Yakın zamanda değerlerimiz ve o değerlerin ayakta tuttuğu birçok kurumumuz çok ciddi sarsıntılar geçirdi, o sarsıntıların etkisi o kurumlarda hala daha ağır şekilde hissediliyor. Bir kısmımızın saflığından, samimiyetinden, bir kısmımızın bilerek görmezden gelmesinden ve bir kısmımızın da ortaklığından palazlanan bir yapılanmanın devletten sökülüp atılması kolay değil. 'Kılcal damarlara sızacağız' demişlerdi. Sızdıklarını çok sonra bir kanlı, bir alçak kalkışmayla anladık ne yazık ki. Saflığımızın ya da umursamazlığımızın faturasını ödedik, ödüyoruz, daha da ödeyeceğiz. Henüz nihai fatura da çıkmış değil, her gün yeni bir tahribatla karşılaşıyoruz ve fatura kabarıyor.

Hukuk, toplumların vazgeçilmezi, hukuk İslam'ın en temel kavramlarından birisi ve de kelimesi kelimesine 'adalet mülkün temeli' değil mi? Hukukun tartışılması ne kadar doğru? Çıkarılamaz mı siyasetin ve toplumun gündeminden? Sağlanamaz mı tarafsız ve özgür bir hukuk kurumu ve algısı? Kameralar karşısında sert söylemlerle tartışmak yerine iktidarıyla muhalefetiyle, teorisyenleri ve uygulayıcılarıyla tüm taraflar bir araya gelip, parti ve ideoloji ayrılıklarını bir kenara bırakıp bir ortak metinle toplumun karşısına çıkılsa nasıl olur? Hukuk ama herkes için hukuk; çünkü gün gelir lazım olur.

Günlük hayhuy arasında sadece devlet kurumlarının işgalini, istilasını, hukuku değil, çocuklarımızın eğitim ve öğretimini ıskalıyoruz. Sadece okulda verilen veya verilemeyen eğitim ve öğretim değil söz konusu ettiğim, evden sokağa, sokaktan iş yerine, tüm hayatı kapsayan bir eğitim ve öğretimden söz ediyorum, etmeye çalışıyorum. Eğer yarış uluslar ve hatta medeniyetler arasında ise ve biz bu yarıştaysak onlardan her konuda ama özellikle eğitim ve öğretimde en az bir adım önde olmalıyız ve her gün arayı biraz daha açmalıyız. Ama ne yazık ki, uluslararası ölçümler bunun tersini gösteriyor. 'Elin gavuru, kendisine torpil yapmış' demek çare değil, öyle bir noktada olmalıyız ki araştırmayı kim yaparsa yapsın hakkımızı teslim zorunda kalsın. Ne yazık ki hem o noktada değiliz hem de bunu dert etmişliğimiz yok.
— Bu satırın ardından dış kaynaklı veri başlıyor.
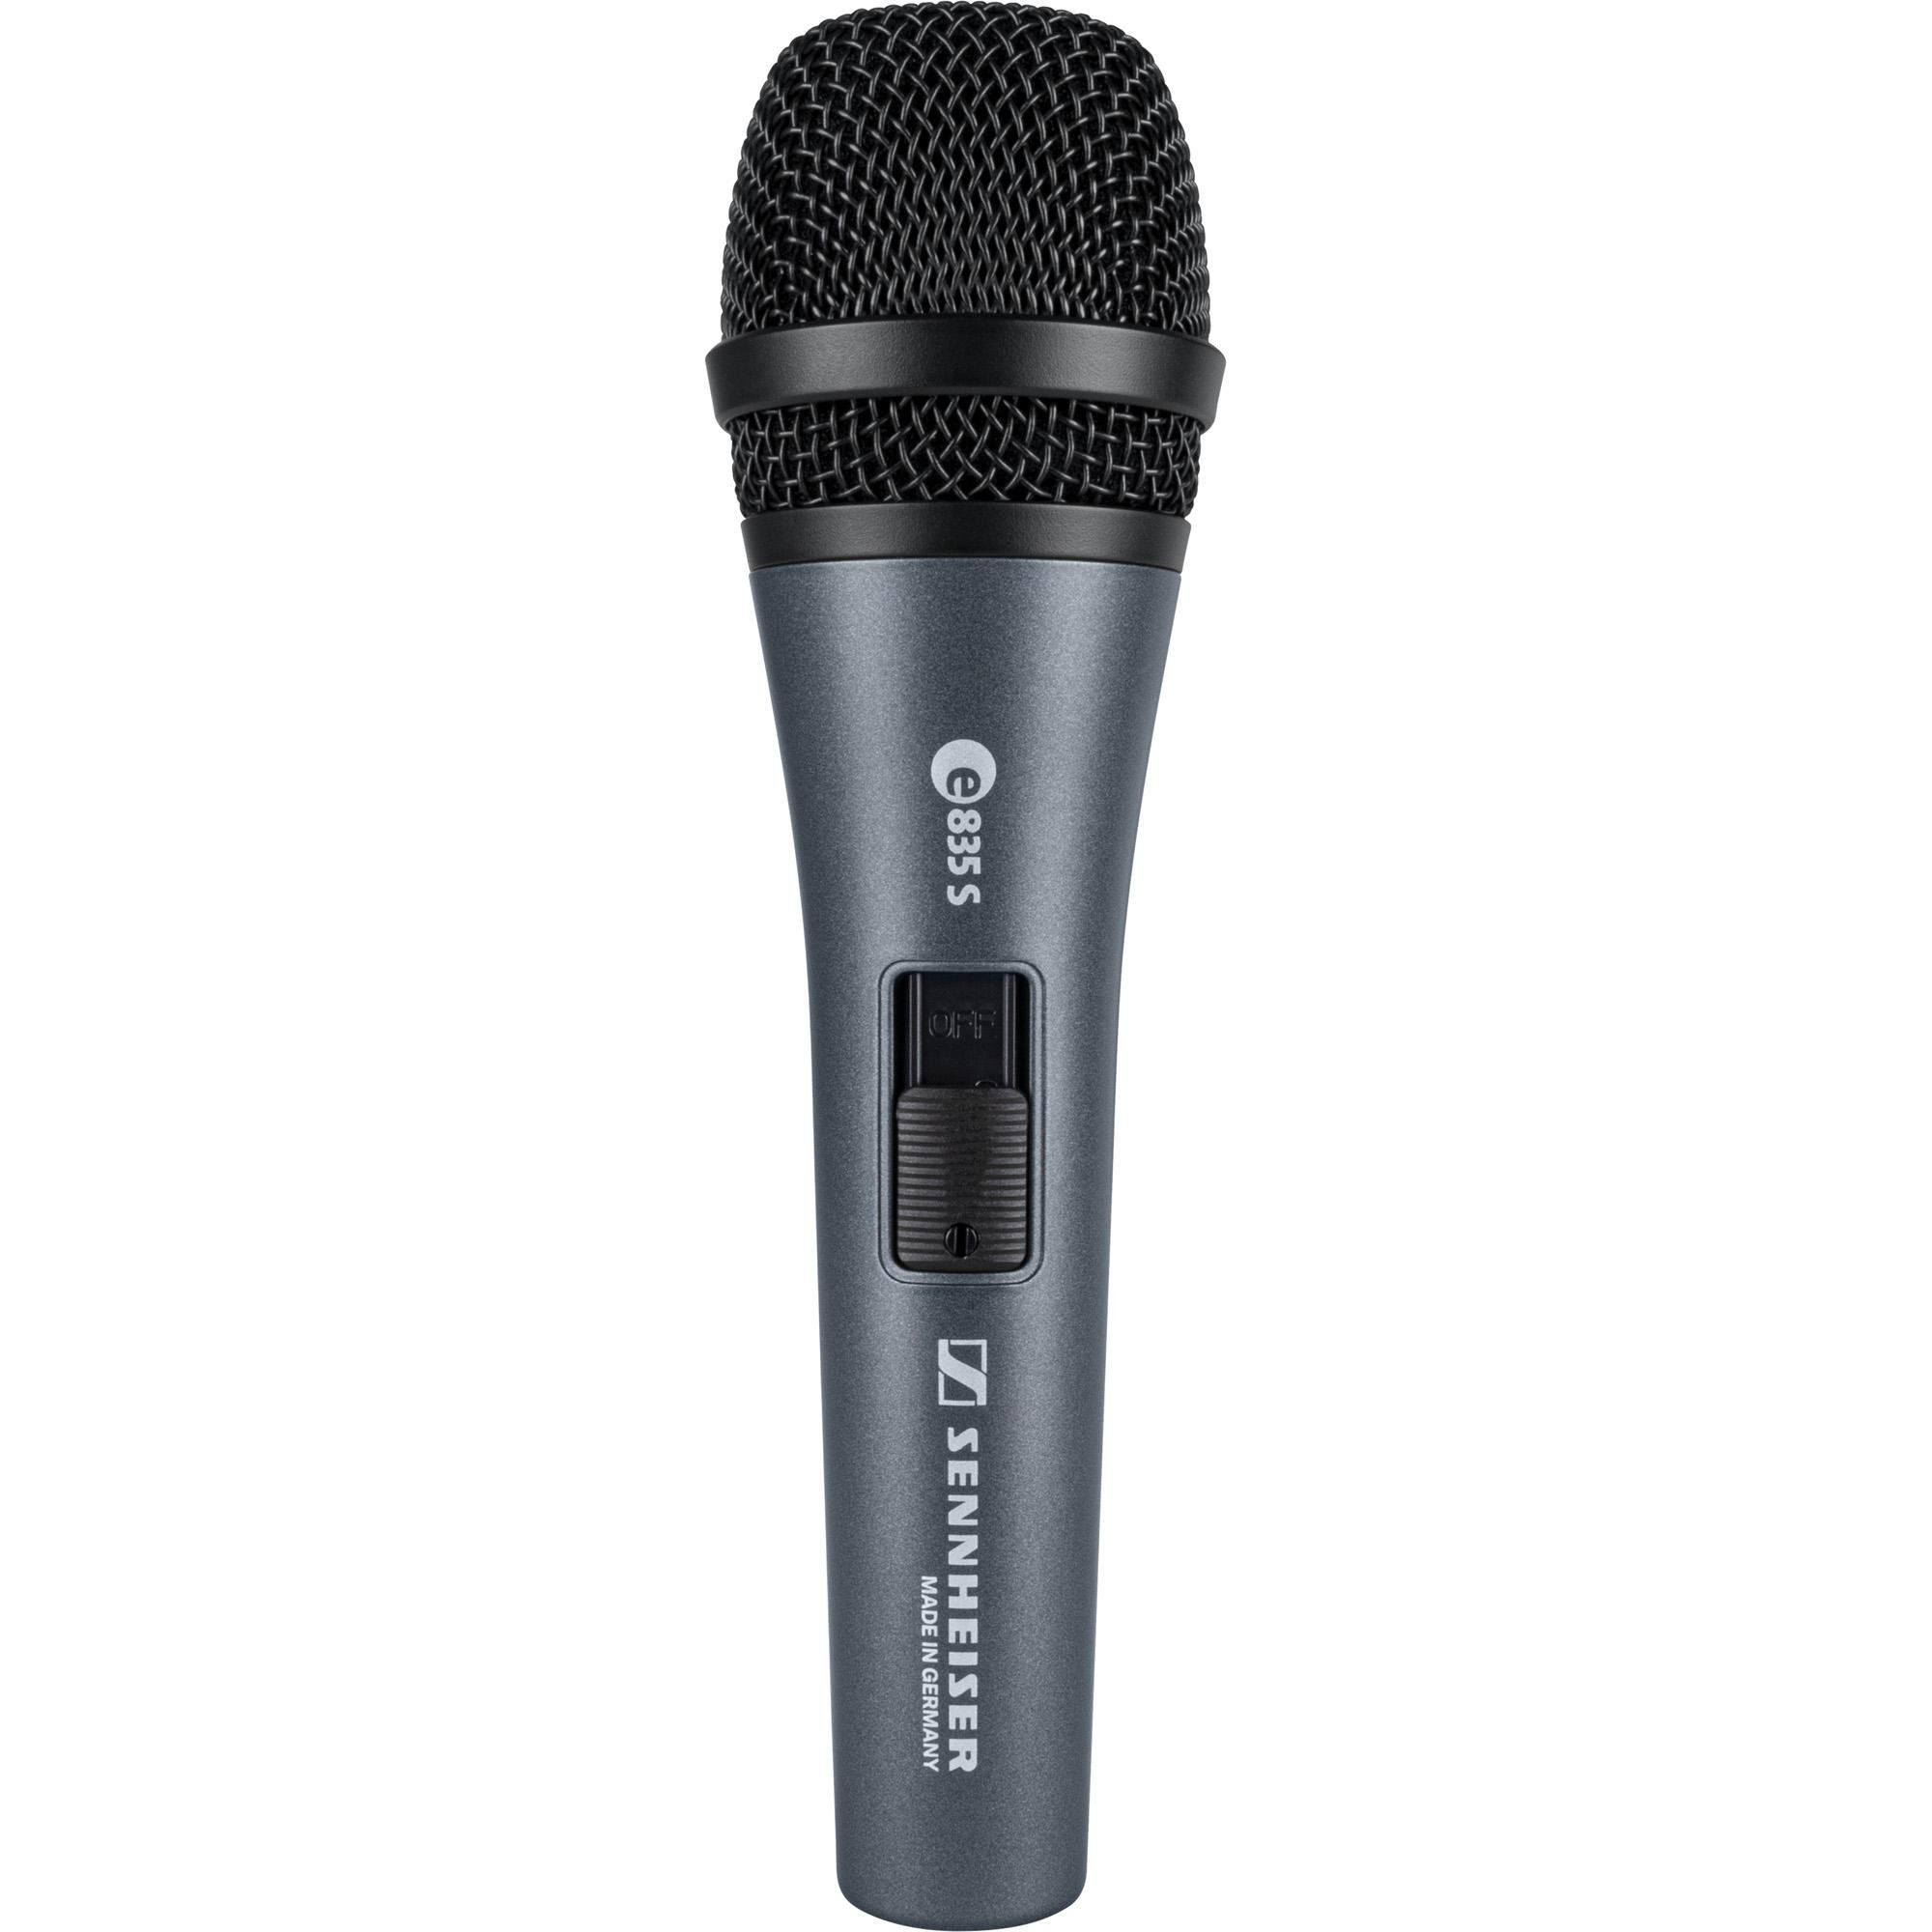 Microfone Sennheiser E835 S Com botão liga desliga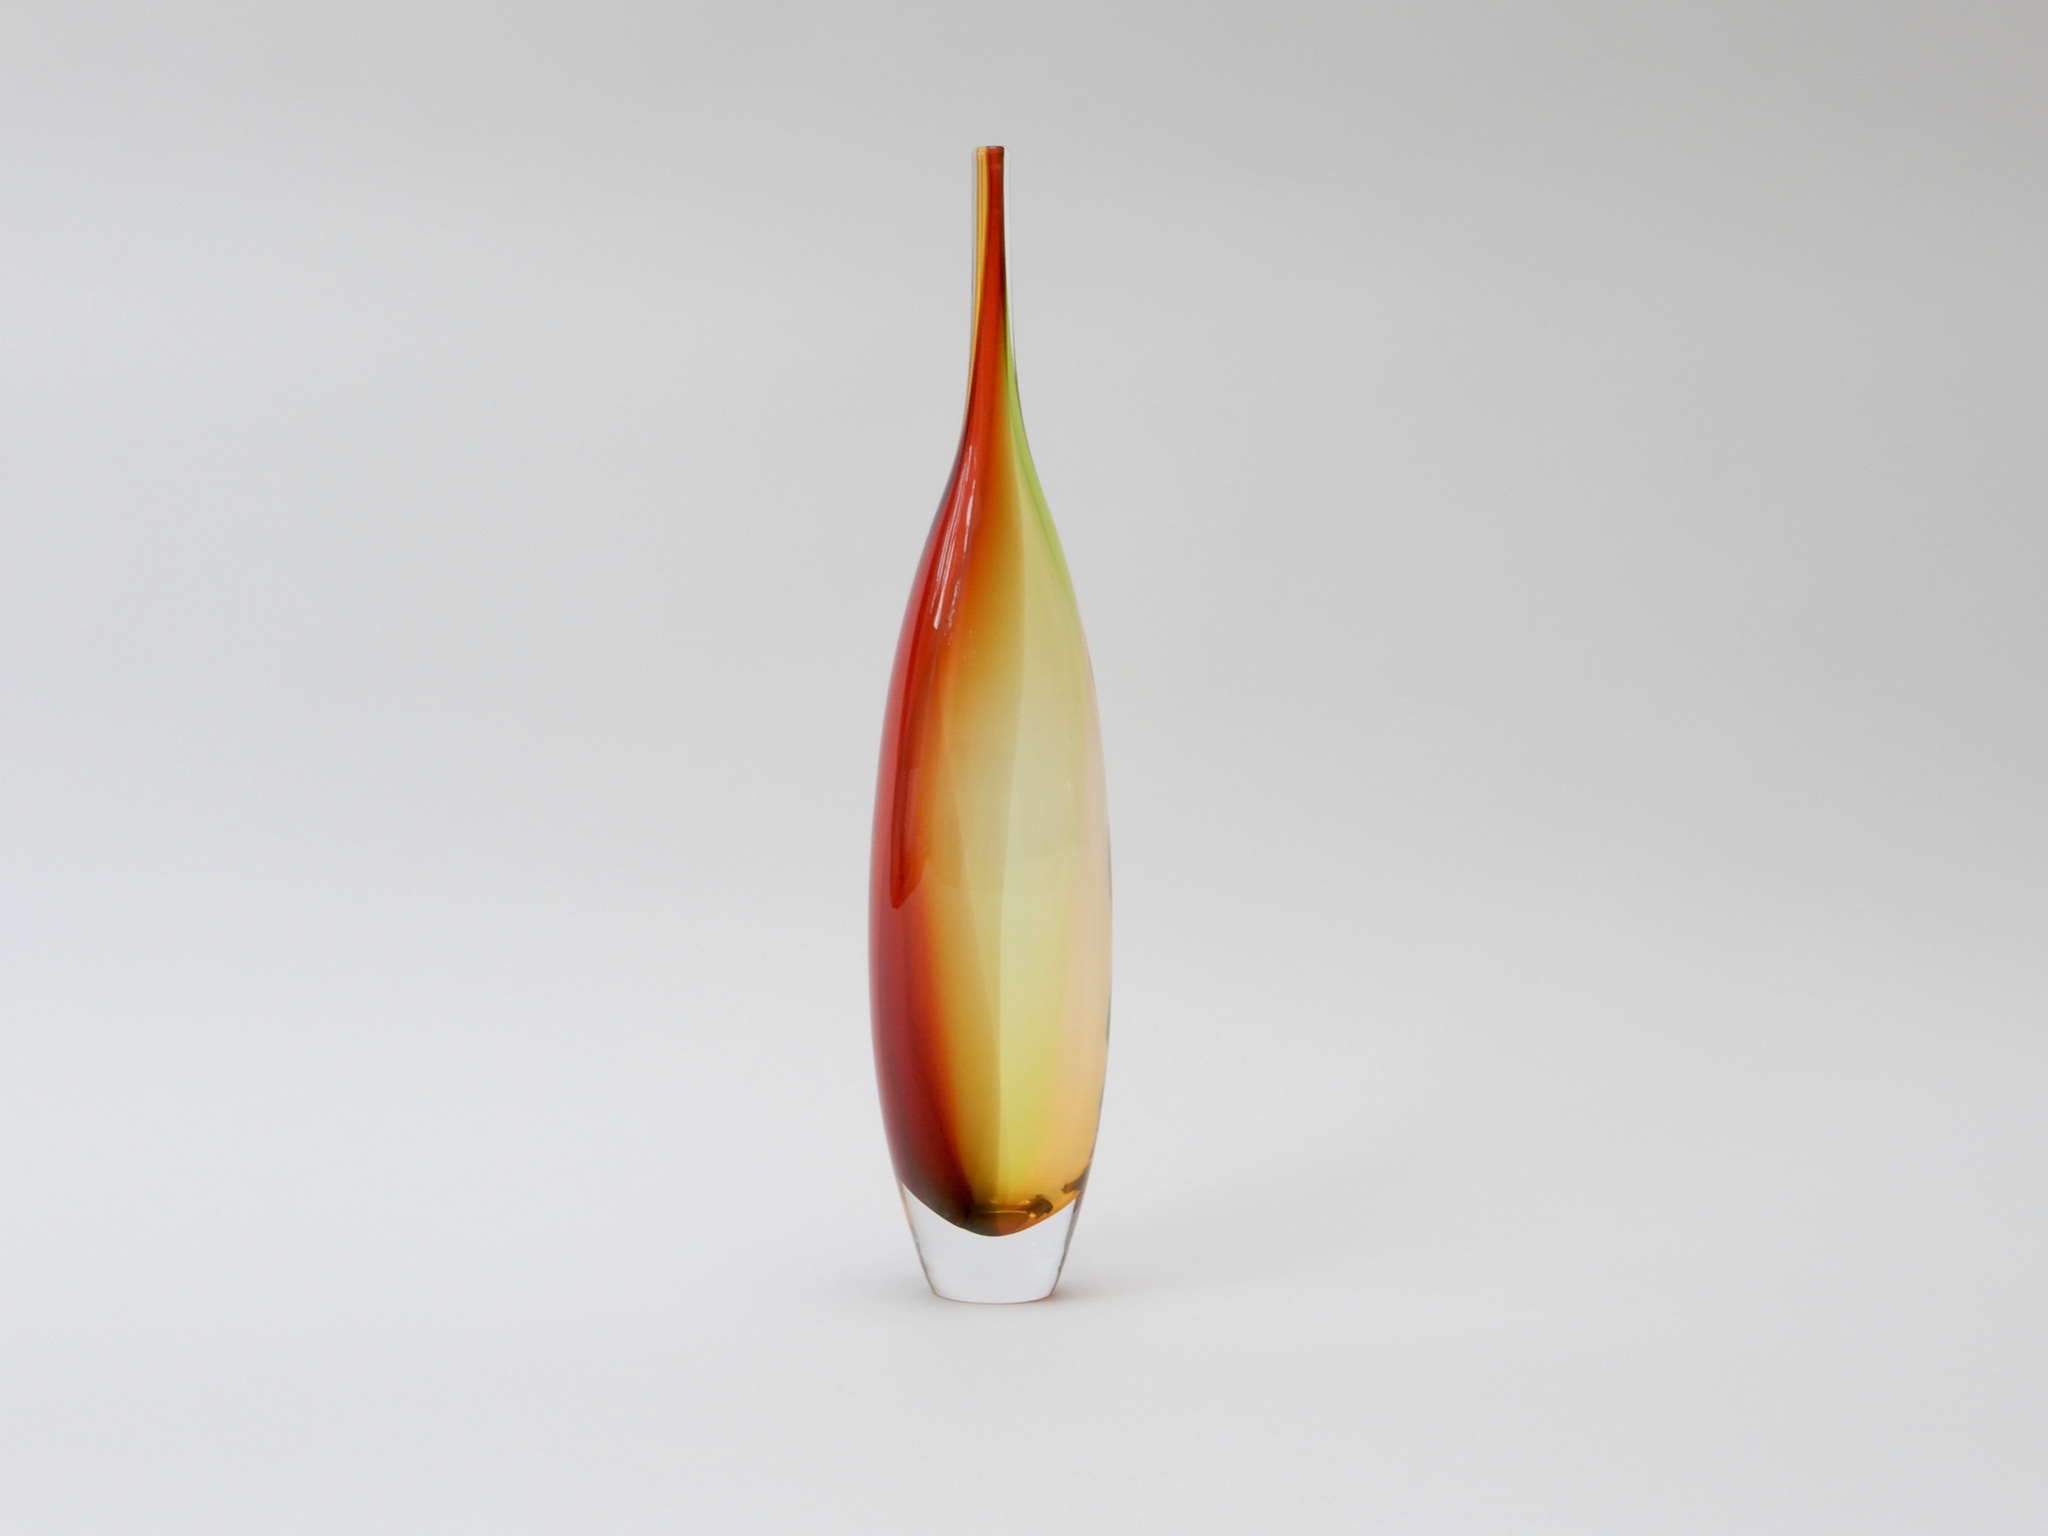 Sold - Kjell Engman Orange Vase

Çok güzel bir söz duydum bir yakınımdan 'yazmadan katip, okumadan alim olmak' diye. Yazmak bir sonraki aşama ama maalesef giderek ilk sıraya doğru hızla ilerliyor. Okumadan yazanlarımız, öğrenmeden konuşanlarımız, ahkam kesenlerimiz hem sayıca çoğalıyor hem de daha etkin konumlara tırmanıyor. Cehalet ilerledikçe toplumlar geriler. Dilerim ki benimki bir yanılsamadır.

Boşuna atmamışım o ' yazmak ama neyi' şeklindeki başlığı. Yazdıkça dağılıyorum galiba ya da dağıldıkça yazıyorum. Doğrusu bu yazıyı burada kesmek sanırım. Üzmek değil derdim, sadece bir dikkat çekmek. Kendimce önemli saydığım huşulardan sadece birkaçına. Bilmeden ve istemeden üzdüysem af ola.